[University Introductory Statistics] DNA crime scene

In summary: If you have a population of 4999999 where 49 people have the specific DNA signature, what is the probability that none of them are in a (randomly chosen) subset of 29999 of the 4999999 people?I'm sorry, but I still don't understand.
  • #1
eskimotaro
15
1
Hello everyone. I have been given a problem in my Introductory Mathematical Statistics class. Been thinking about this one for a while and I am simply stuck.

1. Homework Statement

"There has been found a DNA of type S on a crime scene. We will assume a total population of N = 5000000 that are potential contributors to the lead.

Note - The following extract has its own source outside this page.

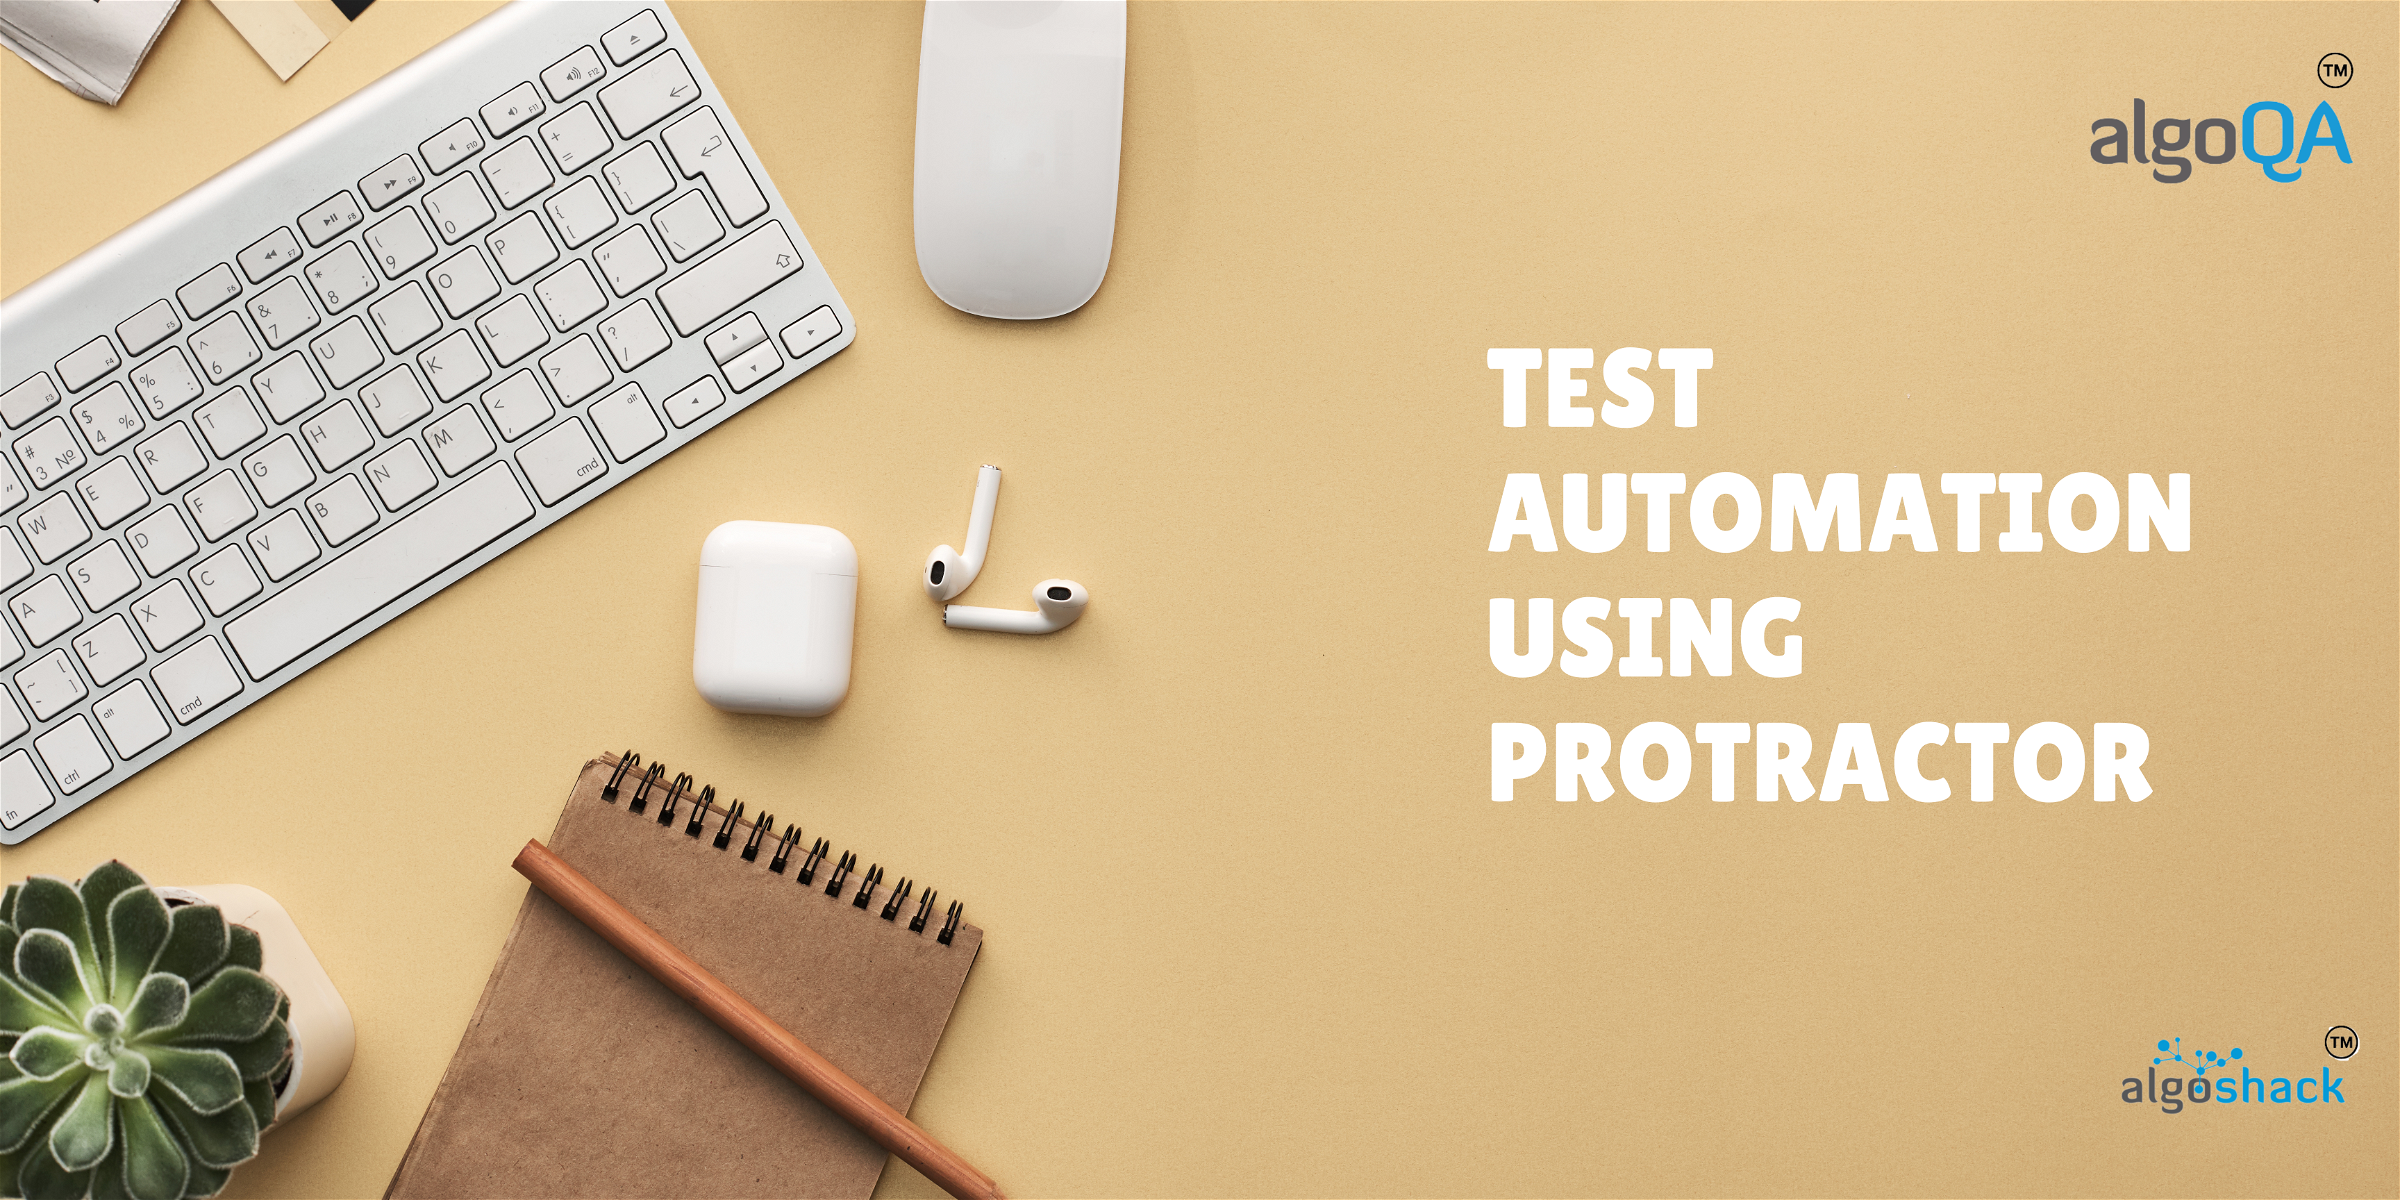 Test Automation Using Protractor

Next assume there is a DNA-database consisting of n = 30000 individuals. Also assume that there are M = 50 individuals in the whole population that have a DNA of type S."

There are six sub-questions (a)-(f), and I am stuck on (d)-(f). I will simply explain what questions (a)-(c) are, and then write up questions (d)-(f).

2. The attempt at a solution [part 1]

In (a) we let X = the number of individuals with type S in the database. Here I am to find the probability distribution of X. I think that the sample space must be x = {0, 1, 2, ..., 50}. To calculate the distribution of x I have used MATLAB and a hypergeometric distribution formula. That was no problem.

In (b) I am to use a binomic distribution formula instead to calculate the probability distribution of X, that was also not much of a problem.

For (c) I am just asked to calculate P(X = 1), which was just to take the relevant calculation from (a) or (b). P(X = 1) is approximately 0.22.

3. Sub-questions

Here are the sub-questions (d)-(f) which I am stuck on:

"(d) Assume that every individual in the population have the same likelihood of being a contributor. Let A be the event that the contributor is one of the individuals in the database. Calculate P(A).

(e) Find P(X = 1 | A).

Hint: When we know that the contributor is in the database, then there are M - 1 = 49 left who we do not know is in the database or not. Argue that we then are interested in the probability that none of these are in the database.

(f) Find P(A | X = 1). Argue that this corresponds to the probability that the individual with matchin DNA profile in the database is the culprit."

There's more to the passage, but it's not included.